In making distribution of an estate, an administrator gave one share to the mother and to her children, under a mistake of law, the fact being that it belonged to the mother alone, who consented, under the same mistake of law, to said distribution, hut did nothing to mislead the administrator, who was not at all influenced in his action by her consent. It was held that the mother was not estopped by her acts in claiming of the administrator her full rights as an heir at law. Davis v. Bagley, 40 Ga. 181 (2 Am. R. 570); Id. 45 Ga. 108. There is a wide difference between that case and the case at bar. In this ease what the executor did was at the urgent solicitation of the legatees. He resigned under pressure. What he did in attempting to resign his trust, and in turning *591over the property of the estate to his proposed successor, was all done certainly ,at the request of the life-tenant, and under the guidance and direction of her attorney at law, who was employed to secure the resignation of the executor and the substitution of Bridges in his place. The crops grown on the farms during 1915 were turned over by the executor to Bridges at her instance and request. The resemblance between the case in 40 Ga. and this ease consists in the fact that in both cases the parties acted under a mistake of law; but in the former case the heir at law got nothing by the mistake, and by the payment by the administrator of a part of her distributive share to her children. In the case at bar the life-tenant succeeded in getting from the executor the property of the estate with crops of 1915, and in placing them in the hands of her chosen manager thereof.
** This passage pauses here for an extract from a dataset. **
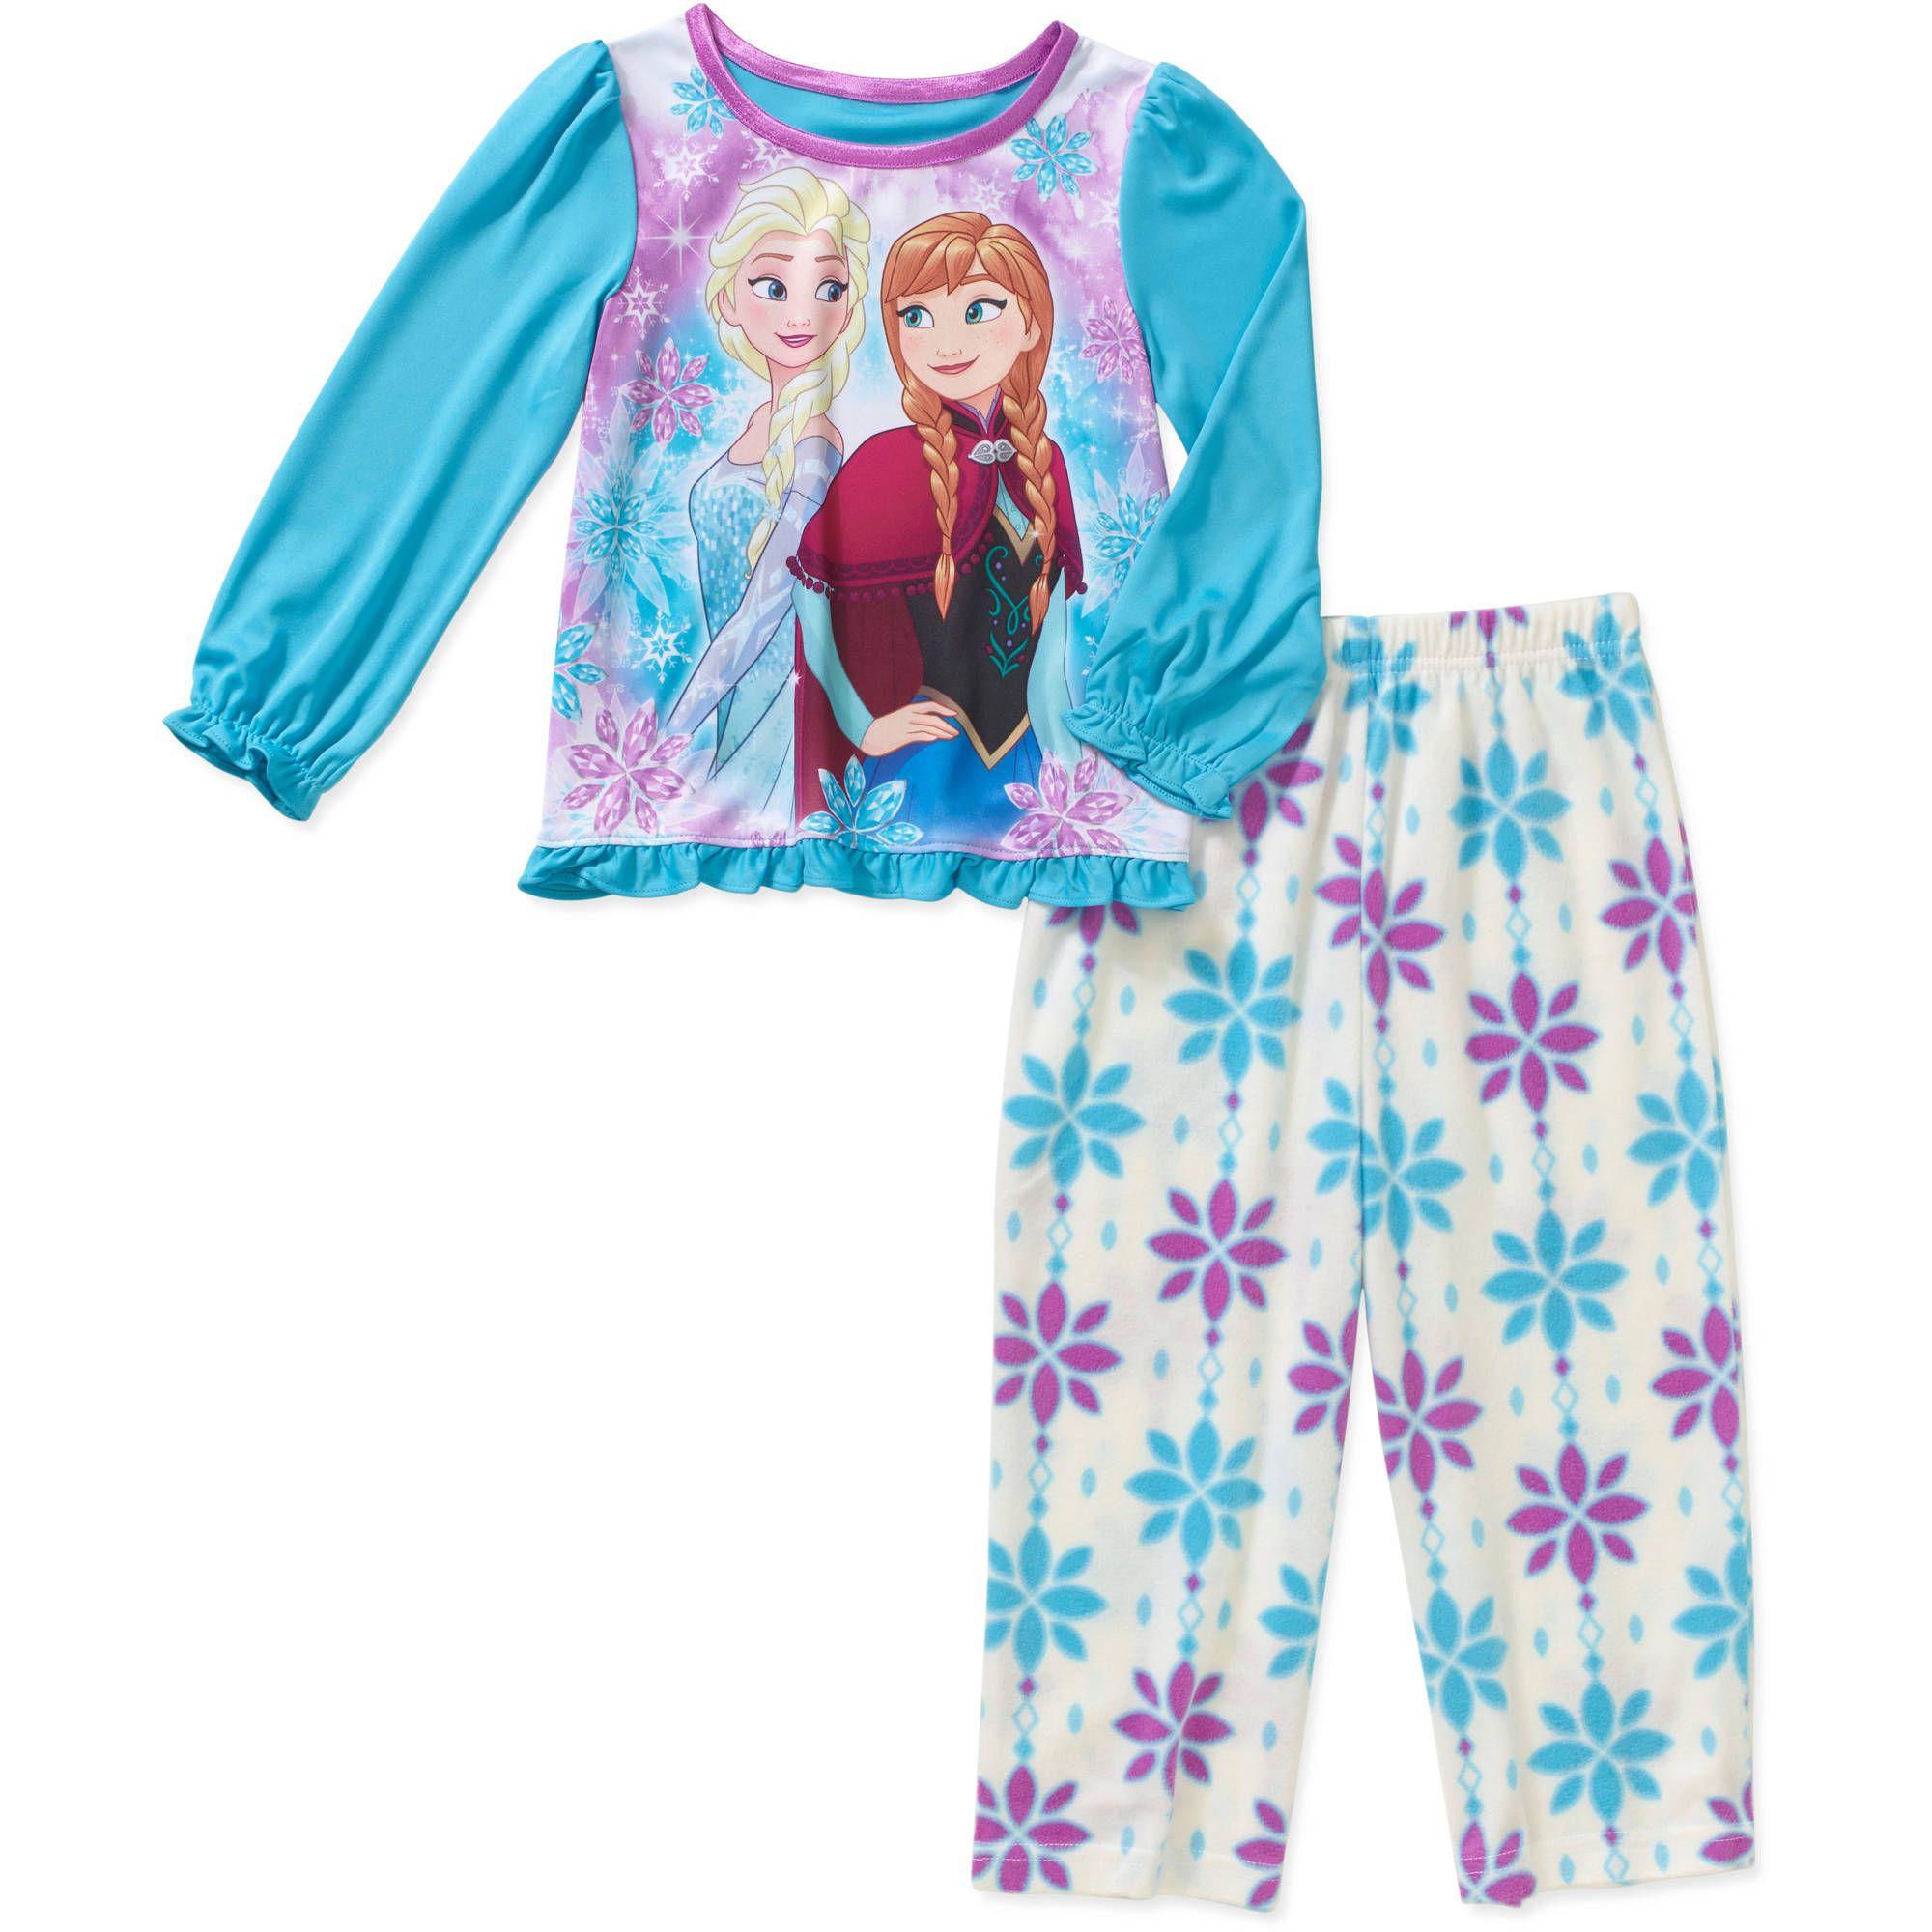 Ragazze Frozen Pigiama Bambinocongelato Set PigiamaPrincipessa Disney Elsa /& Anna Pjs
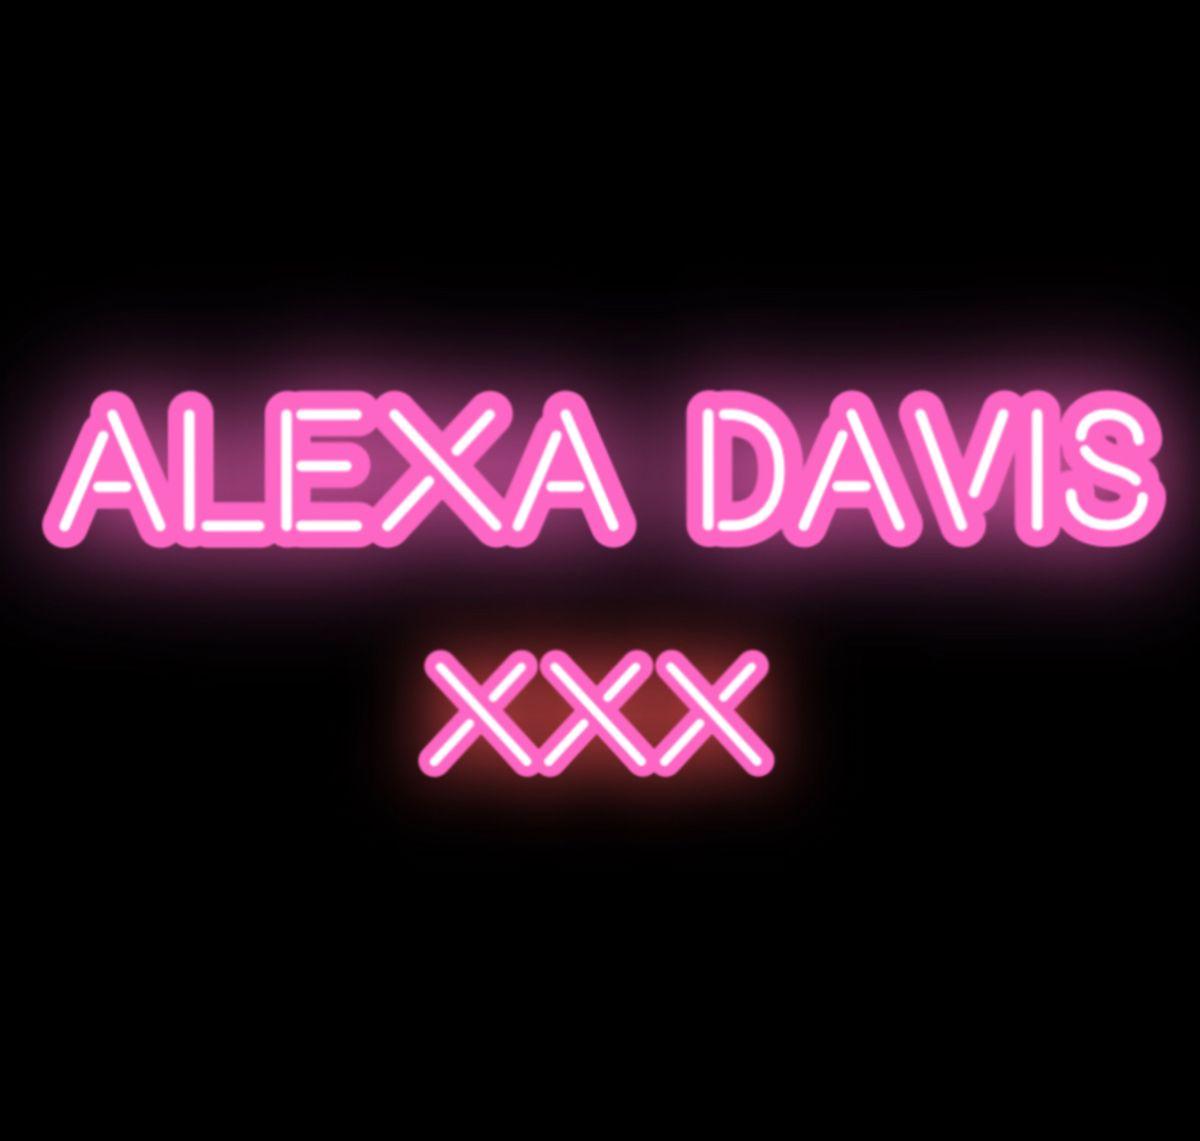 @therealalexadavis

A testator by his will, probated in 1856, gave directly to his daughter, then a child, the residue of his estate. She married in November, 1866, and in 1868 her husband settled with'the executor and received and receipted for her legacy, acting for himself, and not as the agent or the trustee of his wife, This court held that the wife was not bound by his receipt. Windsor v. Bell, 61 Ga. 671. That case and the case at bar are wide apart. There the wife did nothing to mislead the executor. The payment to the husband of her legacy was not done with her knowledge or consent. There was no decisive evidence of ratification by the wife; and it was held that she could not ratify, so far as her legacy went to pay her husband’s debts. What was done in the case at bar was all done with the consent of the life-tenant and at her request.

The case at bar is more like Rabun v. Rabun, 61 Ga. 647, where it was held that “If a legatee of full age, through ignorance or mistake of his legal rights, consents to be excluded from sharing in a fund about to be distributed by the executrix, his mother, and the distribution is made accordingly, the executrix will be free from any liability to him for money thus, with his express consent, innocently paid to other parties.”

It is true that where an executor operates the farms of his testator after the current year, any loss thereby sustained would not fall upon the estate, and should not be allowed the executor. Poullain v. Brown, 82 Ga. 412 (2) (9 S. E. 1131); Johnson v. *592Parnell, 60 Ga. 661. But the auditor found, and his finding is supported by the evidence, that the farming operations of 1915 were not at a loss. The value of the crops produced exceeded the cost of production; and these crops were all turned over'by the executor to Bridges as his successor. As we have held that Bridges was the agent of the life-tenant in receiving these crops and in disposing of them, as their value exceeded the cost of making them, the ex-executor should not be held to account for the moneys of the estate expended in conducting the farm. Even if the use of the money of the estate in these farming operations constituted a devastavit for which the executor was liable, yet if the life-tenant was not injured thereby she would not be entitled to call him to account and have judgment against him for moneys of the estate so expended. Gwinn v. Trotter, 112 Ga. 703, 705 (38. S. E. 49).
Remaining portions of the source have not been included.